Simon Willison’s Weblog

Subscribe

Recovering missing content from the Internet Archive

8th October 2017

When I restored my blog last weekend I used the most recent SQL backup of my blog’s database from back in 2010. I thought it had all of my content from before I started my 7 year hiatus, but in watching the 404 logs I started seeing the occasional hit to something that really should have been there but wasn’t. Turns out the SQL backup I was working from was missing some content.

Thank goodness then for the Wayback Machine at the Internet Archive! I tried some of the missing URLs there and found they had been captured and preserved. But how to get them back?

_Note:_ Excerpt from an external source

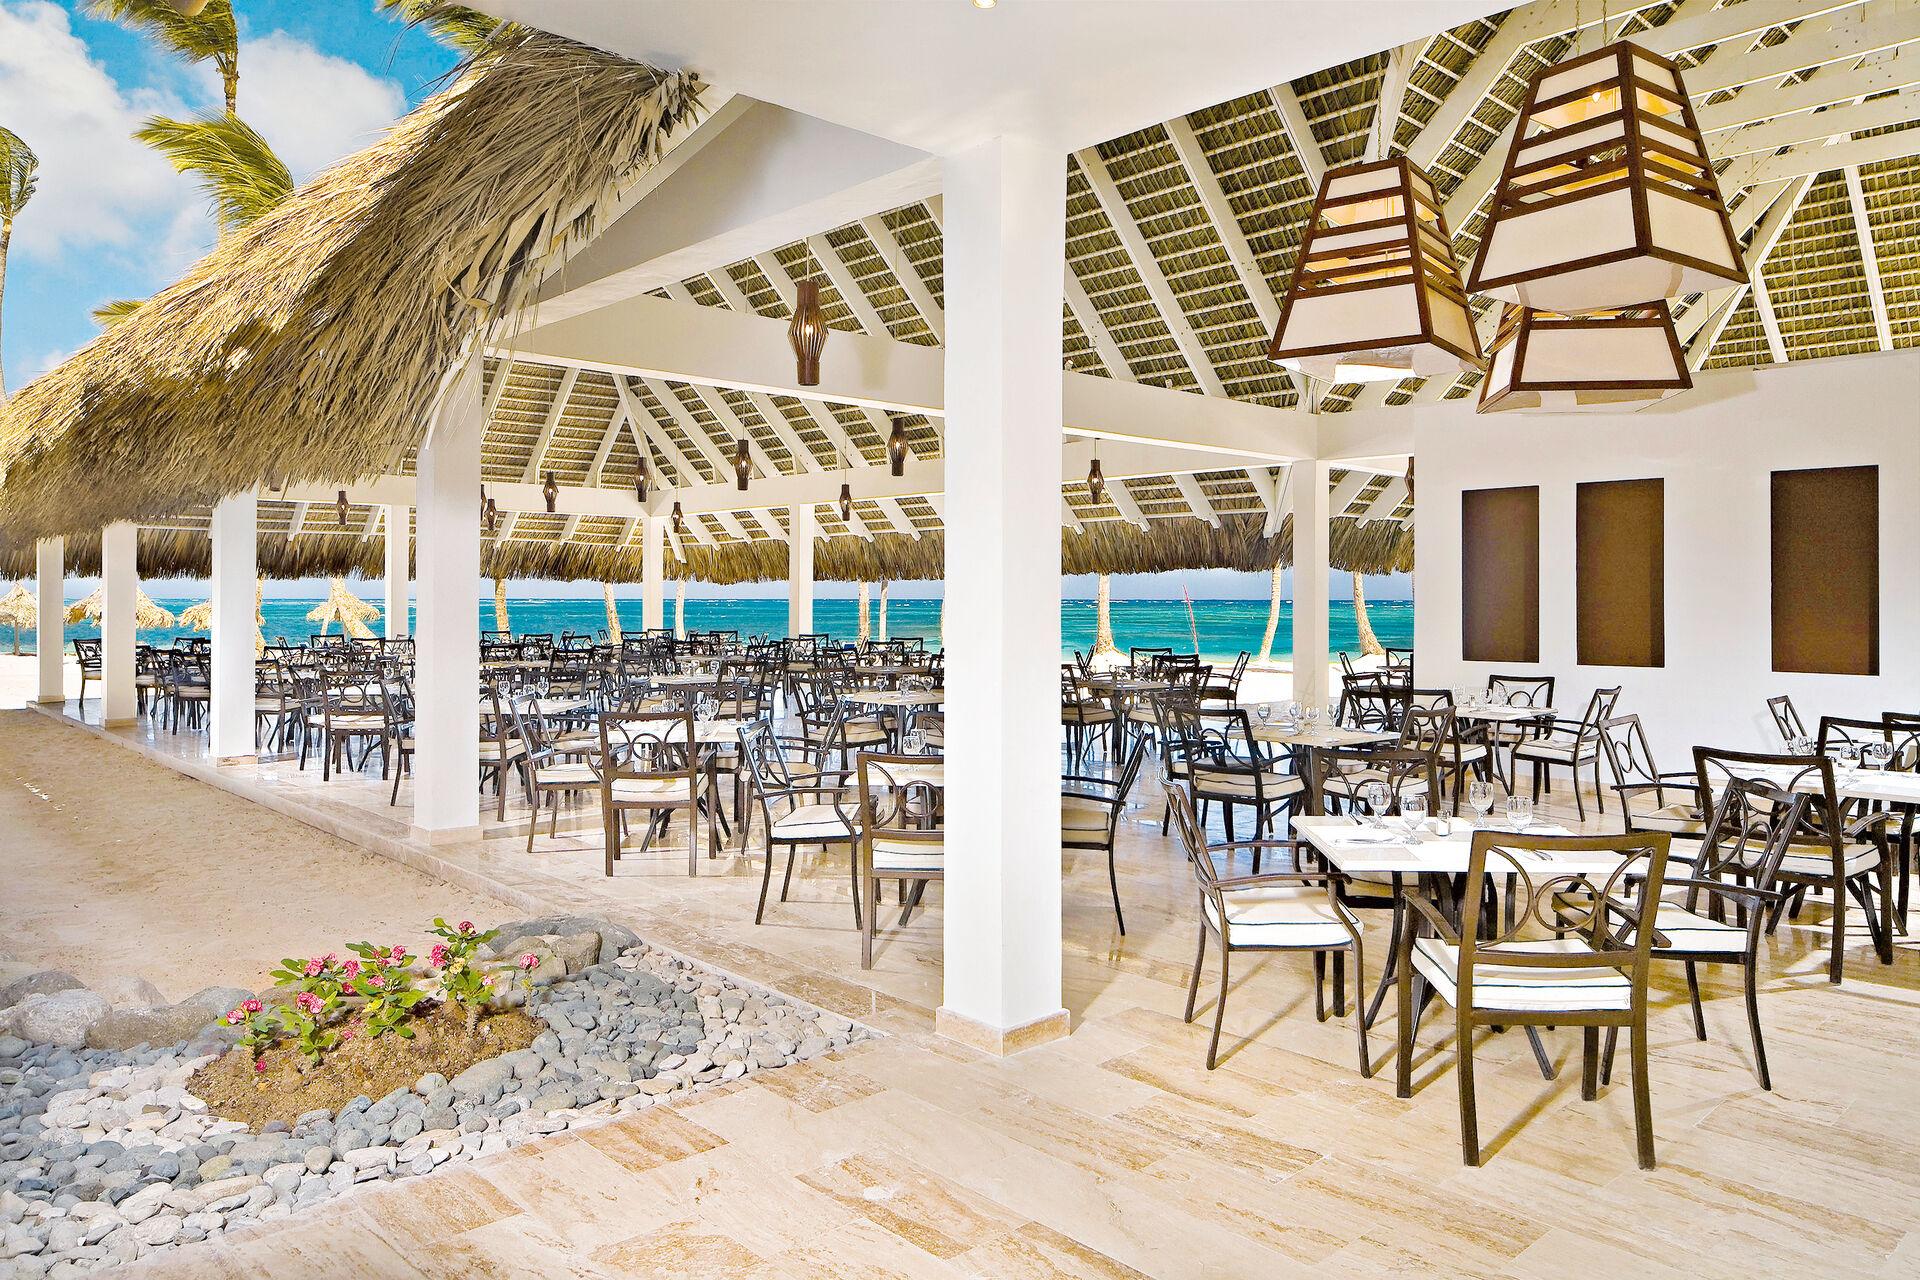 Melia Punta Cana Beach - A Wellness Inclusive Resort (- Adults Only) - 5*

A quick search turned up wayback-machine-downloader, an open-source Ruby script that claims to be able to Download an entire website from the Internet Archive Wayback Machine. I gem installed it and tried it out (after some cargo cult incantations to work around some weird certificate errors I was seeing)

rvm osx-ssl-certs update all
gem update --system
gem install wayback_machine_downloader

wayback_machine_downloader http://simonwillison.net/

And it worked! I left it running overnight and came back to a folder containing 18,952 HTML files, neatly arranged in a directory structure that matched my site:

$ find . | more
.
./simonwillison.net
./simonwillison.net/2002
./simonwillison.net/2002/Aug
./simonwillison.net/2002/Aug/1
./simonwillison.net/2002/Aug/1/cetis
./simonwillison.net/2002/Aug/1/cetis/index.html
./simonwillison.net/2002/Aug/1/cssSelectorsTutorial
./simonwillison.net/2002/Aug/1/cssSelectorsTutorial/index.html
...

I tarred them up into an archive and backed them up to Dropbox.

Next challenge: how to restore the missing content?

I’m a recent and enthusiastic adopter of Jupyter notebooks. As a huge fan of development in a REPL I’m shocked I was so late to this particular party. So I fired up Jupyter and used it to start playing with the data.

Here’s the final version of my notebook. I ended up with a script that did the following:

  • Load in the full list of paths from the tar archive, and filter for just the ones matching the /YYYY/Mon/DD/slug/ format used for my blog content
  • Talk to my local Django development environment and load in the full list of actual content URLs represented in that database.
  • Calculate the difference between the two—those are the 213 items that need to be recovered.
  • For each of those 213 items, load the full HTML that had been saved by the Internet Archive and feed it into the BeautifulSoup HTML parsing library.
  • Detect if each one is an entry, a blogmark or a quotation. Scrape the key content out of each one based on the type.
  • Scrape the tags for each item, using this delightful one-liner: [a.text for a in soup.findAll('a', {'rel': 'tag'})]
  • Scrape the comments for each item separately. These were mostly spam, so I haven’t yet recovered these for publication (I need to do some aggressive spam filtering first). I have however stashed them in the database for later processing.
  • Write all of the scraped data out to a giant JSON file and upload it to a gist (a nice cheap way of giving it a URL).

Having executed the above script, I now have a JSON file containing the parsed content for all of the missing items found in the Wayback Machine. All I needed then was a script which could take that JSON and turn it into records in the database. I implemented that as a custom Django management command and deployed it to Heroku.

Last step: shell into a Heroku dyno (using heroku run bash) and run the following:

./manage.py import_blog_json \
    --url_to_json=https://gist.github.com/simonw/5a5bc1f58297d2c7d68dd7448a4d6614/raw/28d5d564ae3fe7165802967b0f9c4eff6091caf0/recovered-blog-content.json \
    --tag_with=recovered

The result: 213 recovered items (which I tagged with recovered so I could easily browse them). Including the most important entry on my whole site, my write-up of my wedding!

So thank you very much to the Internet Archive team, and thank you Hartator for your extremely useful wayback-machine-downloader tool.